Beach volleyball information

Current teammate
| Teammate |
| Katsuhiro Shiratori |

Previous teammates
| Teammate | Tours (points) |
| Koichi Nishimura Satoshi Watanabe | 25 (295) 24 (605) |

Medal record
Men's beach volleyball
Representing Japan
Asian Games
| Bronze medal – third place | 2010 Guangzhou | Men |

= Kentaro Asahi =

Japanese beach volleyball player and politician

Kentaro Asahi (朝日健太郎, Asahi Kentarō) is a Japanese professional beach volleyball player and politician. He was born in Kumamoto, Kumamoto Prefecture, Kyushu, Japan.

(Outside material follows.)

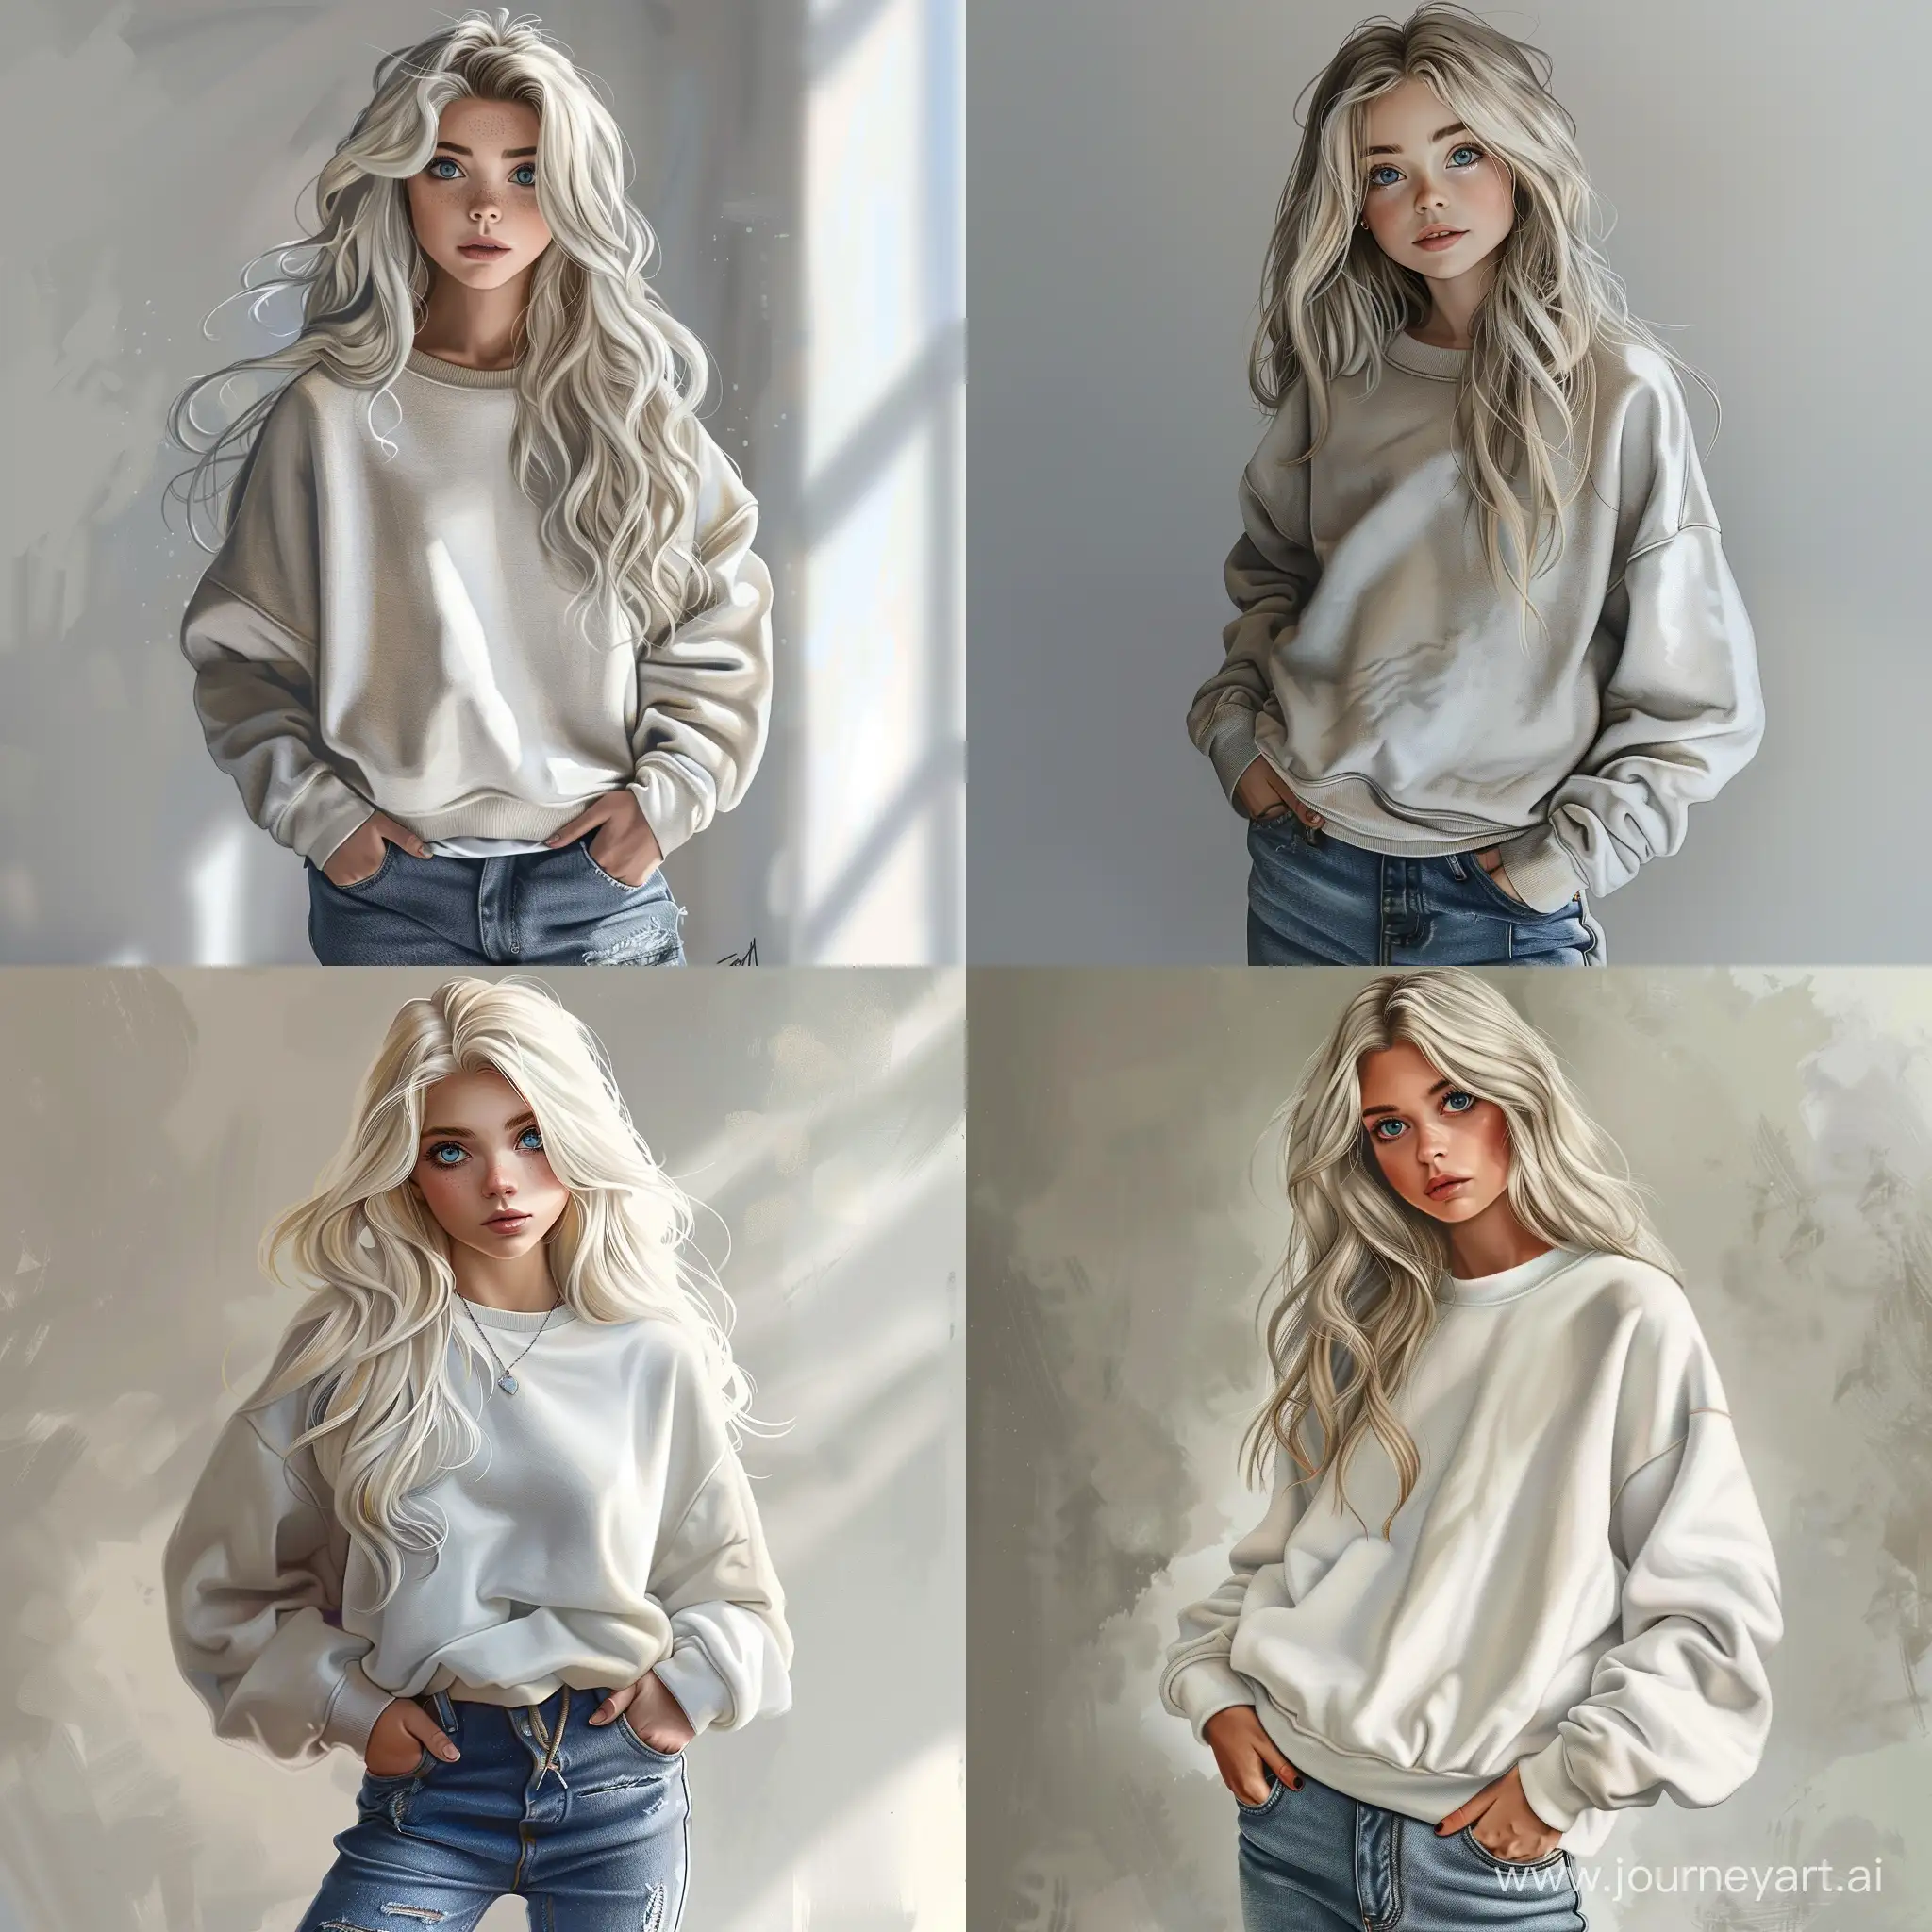 Beautiful girl, blonde hair, gray-blue eyes, white skin, teenager, 15 years old, jeans and oversize sweatshirt, high quality, high detail, realistic art
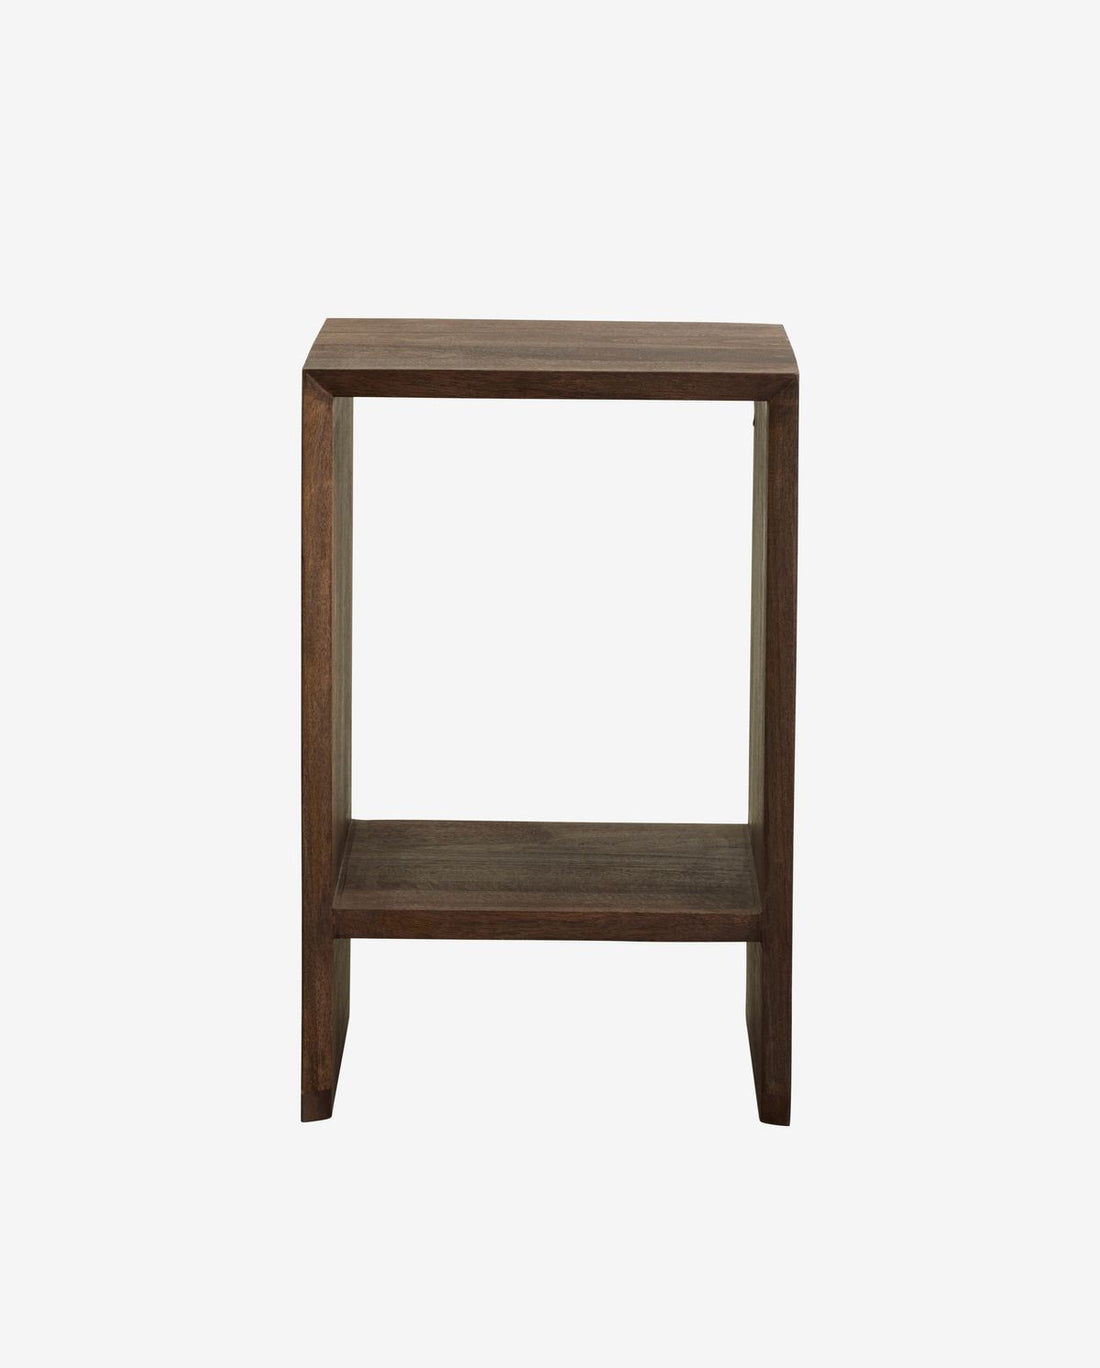 Nordal A/S NAPO NightStand/Tabela lateral - Marrom escuro

Asahi played as a center for the Japan men's national volleyball team in the 1990s. He ended up in sixteenth place at the 1998 World Championship, and later on started a career in beach volleyball. Asahi and teammate Katsuhiro Shiratori represented Japan in beach volleyball at the 2008 and 2012 Summer Olympics.

Asahi began to work for the IT company Forval Corporation in 2011 through a Japanese Olympic Committee athlete hiring program.

In July 2016, Asahi was elected as a member of the House of Councillors representing the Tokyo at-large district for the Liberal Democratic Party.